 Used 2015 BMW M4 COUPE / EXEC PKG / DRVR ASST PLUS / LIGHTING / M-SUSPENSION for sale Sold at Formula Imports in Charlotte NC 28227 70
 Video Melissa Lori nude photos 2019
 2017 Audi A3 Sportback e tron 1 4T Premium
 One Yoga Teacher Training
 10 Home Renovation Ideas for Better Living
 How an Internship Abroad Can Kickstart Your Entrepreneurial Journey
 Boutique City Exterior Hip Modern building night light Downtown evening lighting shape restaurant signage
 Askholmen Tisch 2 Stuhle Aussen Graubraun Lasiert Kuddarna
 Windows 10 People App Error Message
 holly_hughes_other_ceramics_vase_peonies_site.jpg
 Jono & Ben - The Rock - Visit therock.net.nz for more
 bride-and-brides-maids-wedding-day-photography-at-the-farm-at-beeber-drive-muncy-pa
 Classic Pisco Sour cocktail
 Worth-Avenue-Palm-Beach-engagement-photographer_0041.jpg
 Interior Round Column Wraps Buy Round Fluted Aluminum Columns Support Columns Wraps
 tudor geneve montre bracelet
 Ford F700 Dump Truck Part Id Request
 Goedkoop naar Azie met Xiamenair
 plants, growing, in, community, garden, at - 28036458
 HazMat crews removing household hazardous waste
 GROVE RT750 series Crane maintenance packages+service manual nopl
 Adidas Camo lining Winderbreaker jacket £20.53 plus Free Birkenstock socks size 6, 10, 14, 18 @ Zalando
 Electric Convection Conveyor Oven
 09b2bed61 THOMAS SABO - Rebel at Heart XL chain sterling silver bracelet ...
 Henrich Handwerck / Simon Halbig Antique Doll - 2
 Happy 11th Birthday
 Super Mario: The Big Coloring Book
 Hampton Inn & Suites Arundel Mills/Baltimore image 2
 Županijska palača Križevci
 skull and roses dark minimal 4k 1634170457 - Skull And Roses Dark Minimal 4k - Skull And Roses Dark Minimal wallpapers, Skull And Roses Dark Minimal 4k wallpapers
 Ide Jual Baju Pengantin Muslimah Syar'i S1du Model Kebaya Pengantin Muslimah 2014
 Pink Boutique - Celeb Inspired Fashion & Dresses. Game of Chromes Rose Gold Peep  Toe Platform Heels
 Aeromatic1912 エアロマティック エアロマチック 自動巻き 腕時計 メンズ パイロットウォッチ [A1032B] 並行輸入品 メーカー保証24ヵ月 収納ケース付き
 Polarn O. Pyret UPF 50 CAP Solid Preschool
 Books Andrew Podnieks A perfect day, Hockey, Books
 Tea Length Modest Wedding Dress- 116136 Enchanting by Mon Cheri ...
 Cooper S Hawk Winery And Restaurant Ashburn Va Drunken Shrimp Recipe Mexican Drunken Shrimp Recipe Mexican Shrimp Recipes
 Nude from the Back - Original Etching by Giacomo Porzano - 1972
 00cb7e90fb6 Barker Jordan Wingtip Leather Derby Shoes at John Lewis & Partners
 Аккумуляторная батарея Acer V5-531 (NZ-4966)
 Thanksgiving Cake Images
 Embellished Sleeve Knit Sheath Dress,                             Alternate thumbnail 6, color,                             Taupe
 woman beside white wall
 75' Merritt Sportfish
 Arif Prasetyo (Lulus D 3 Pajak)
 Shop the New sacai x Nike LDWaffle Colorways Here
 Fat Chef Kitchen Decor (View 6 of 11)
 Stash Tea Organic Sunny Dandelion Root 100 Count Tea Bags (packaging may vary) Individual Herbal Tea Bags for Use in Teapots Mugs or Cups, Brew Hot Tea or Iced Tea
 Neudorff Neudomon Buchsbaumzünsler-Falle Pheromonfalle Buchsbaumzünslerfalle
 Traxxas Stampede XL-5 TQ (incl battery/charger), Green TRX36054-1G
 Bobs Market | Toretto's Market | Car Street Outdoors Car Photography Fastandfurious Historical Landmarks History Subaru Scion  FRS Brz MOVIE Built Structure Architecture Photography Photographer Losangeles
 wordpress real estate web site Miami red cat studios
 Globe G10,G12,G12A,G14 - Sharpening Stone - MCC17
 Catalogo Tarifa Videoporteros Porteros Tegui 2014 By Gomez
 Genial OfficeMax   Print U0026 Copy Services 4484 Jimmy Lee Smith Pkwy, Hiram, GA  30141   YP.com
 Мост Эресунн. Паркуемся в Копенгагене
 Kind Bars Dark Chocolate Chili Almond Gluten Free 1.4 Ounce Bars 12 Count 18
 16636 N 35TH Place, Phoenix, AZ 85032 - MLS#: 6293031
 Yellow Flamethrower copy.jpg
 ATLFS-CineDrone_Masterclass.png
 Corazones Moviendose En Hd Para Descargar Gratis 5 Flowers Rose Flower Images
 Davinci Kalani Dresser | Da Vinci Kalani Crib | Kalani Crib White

(WHAT YOU WILL DO) Word for word, reproduce the listing from its first line through the line that has "Interior Round Column" in it, and go no further.

(EXERCISE RESULT)
 Used 2015 BMW M4 COUPE / EXEC PKG / DRVR ASST PLUS / LIGHTING / M-SUSPENSION for sale Sold at Formula Imports in Charlotte NC 28227 70
 Video Melissa Lori nude photos 2019
 2017 Audi A3 Sportback e tron 1 4T Premium
 One Yoga Teacher Training
 10 Home Renovation Ideas for Better Living
 How an Internship Abroad Can Kickstart Your Entrepreneurial Journey
 Boutique City Exterior Hip Modern building night light Downtown evening lighting shape restaurant signage
 Askholmen Tisch 2 Stuhle Aussen Graubraun Lasiert Kuddarna
 Windows 10 People App Error Message
 holly_hughes_other_ceramics_vase_peonies_site.jpg
 Jono & Ben - The Rock - Visit therock.net.nz for more
 bride-and-brides-maids-wedding-day-photography-at-the-farm-at-beeber-drive-muncy-pa
 Classic Pisco Sour cocktail
 Worth-Avenue-Palm-Beach-engagement-photographer_0041.jpg
 Interior Round Column Wraps Buy Round Fluted Aluminum Columns Support Columns Wraps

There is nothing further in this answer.